Since writing my last blog post a lot has occurred but not a lot of photography has been produced. It hasn’t been an easy year so far and with no signs of letting up I cannot stop hiding from my camera, especially when it brings so much joy into my life. However, it is what has happened that has inspired me to get back behind a camera so bare with this post whilst I delve a little deeper (I promise you it does all link back to photography).
In February 2019 after a long battle with Alzheimers my granddad finally passed away and was finally at piece. However, this event completely broke me. My granddad was my biggest supporter and his encouragement to follow what I wanted to no matter what others thought is what led me down the photography route. He loved photography and was the first person who helped me to take a photograph on a bridge camera. As I developed my love for photography it was great to always have someone to talk about it with.
After his passing I didn’t feel comfortable around a camera anymore. However, I did feel comfortable looking back through all of my previous work all the way from GCSE’s to now where I have an A-level and a degree under my belt. It got me exploring not just my work but what events have happened to get me to this point. 2019 is a big year having lost my granddad and it being 18 years since my mum passed but as upsetting these events could be, it is these events that have made me into the person I am today and it’s interesting to explore how each has affected me differently. As exciting this was and incredible to see how far I have come what this exploration of previous work made me realise was not just how far I had come with my work but how far I have come as a person. This has made me curious to start exploring myself more and is what I want to focus on for the next few months.
As mentioned earlier my Granddad was my biggest supporter but in the end he was my inspiration. He inspired me not to hide from my feelings, emotions and illnesses because when it is something that is incurable you have to grief the part of you that will always be missing but celebrate the bits of yourself that are unique and that you still have.
Serenity was 100% inspired by my granddad who was at the time struggling to find serenity in his care home. He knew he couldn’t be at home anymore or looked after by my grandma but he couldn’t find serenity in his care home because he still had enough of his memory and functioning brain left.

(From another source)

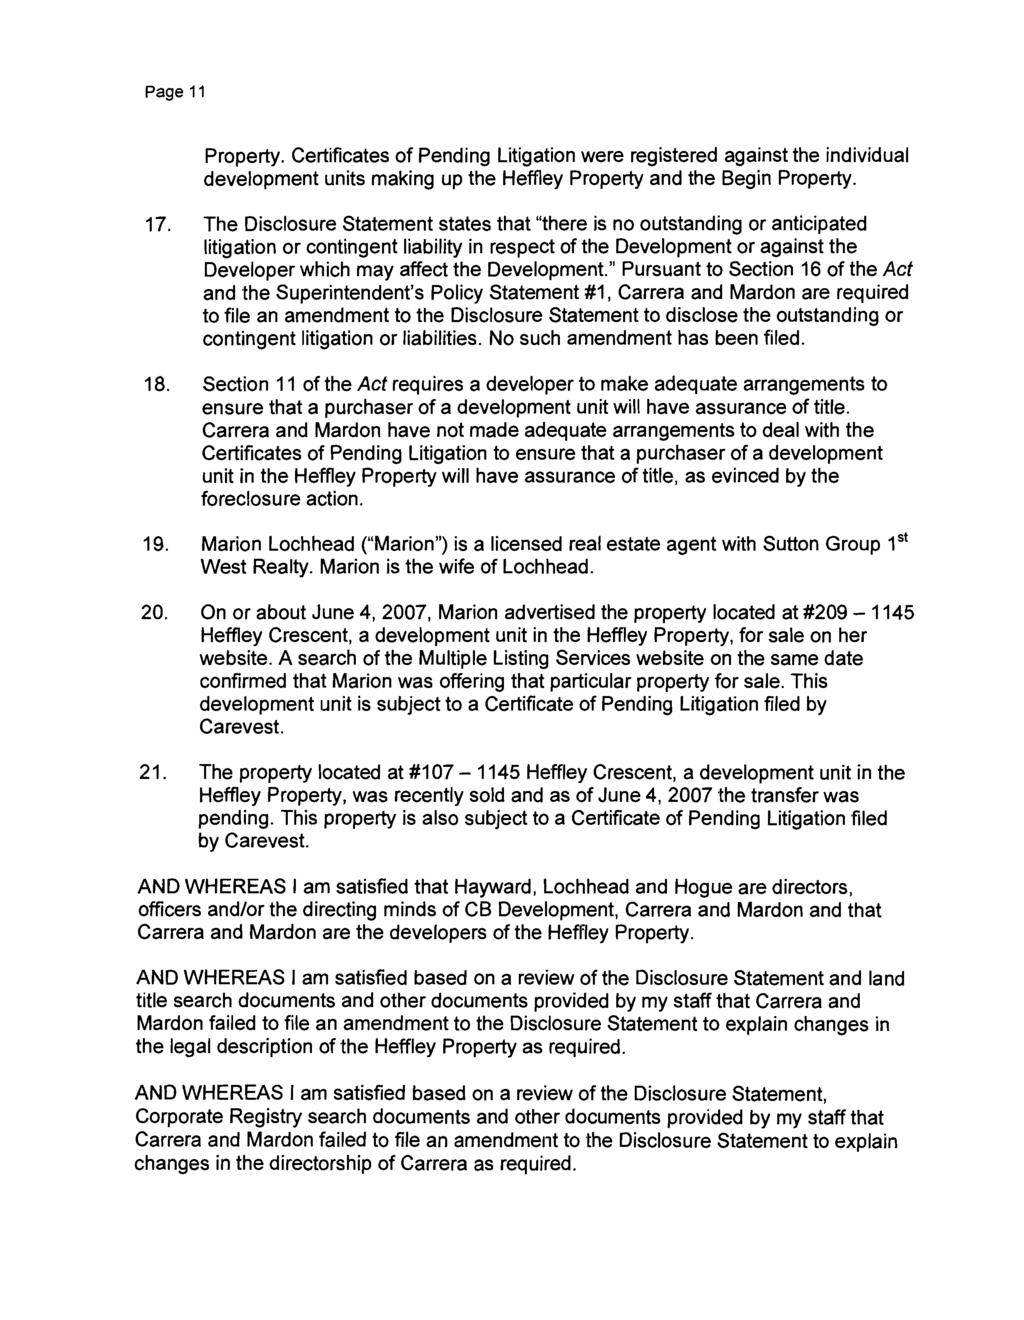 Page 11 Property. Certificates of Pending Litigation were registered against the individual development units making up the Hefl'ley Property and the Begin Property.

This didn’t just affect him though it affected those around him who had to watch him struggle to find that place of calm and peace. When we were at university I had an extension because I just couldn’t keep up and everything was affecting me too much but when the opportunity came up to go to the lake district for two nights with the lecturers and our course mates I jumped at the opportunity. In this space with no phone signal and no internet it was lovely to feel so serene walking through nature and photographing it and just appreciating the natural sounds that surrounded us. I thought that if I felt so serene maybe if the photos I turned into a book for my module made me feel serene maybe they would help my granddad too. I never gave him the book because things always went missing in his home but instead I took prints to show him.
He and his battle with Alzheimers has been my inspiration behind the project I want to undertake next as well, not directly but still the main inspiration which I love because it means that even though he isn’t here he lives on through me.
So I don’t think it will come as a surprise that this year has been stressful having lost my granddad, doing a full time masters course as well as working pretty much full time. However, this stress that has sent me over the edge at times, has caused more meltdowns than can be imagined, has made me consider quitting my course, but has also gotten me to the place I am now where I am inspired and ready to document through the medium of photography Me!
Not only has all that happened it was also suggested that I am autistic. At first I saw this as a hinderance, something to be ashamed of but as I’ve gotten used to it and worked out what it actually means I have realised that it is actually a superpower that yes makes some parts of life harder for me but also makes somethings easier and makes me a strong individual. Now that I realise this is something not to be ashamed of I want to explore it some more.
I want to develop Quotidian. I don’t want it to be perfectly lit and technically impeccable because that just isn’t me and it isn’t my life. I want it to be raw and honest and open and unashamed. It isn’t going to be thought out perfectly its going to be documenting not pre-empted. So prepare for new work.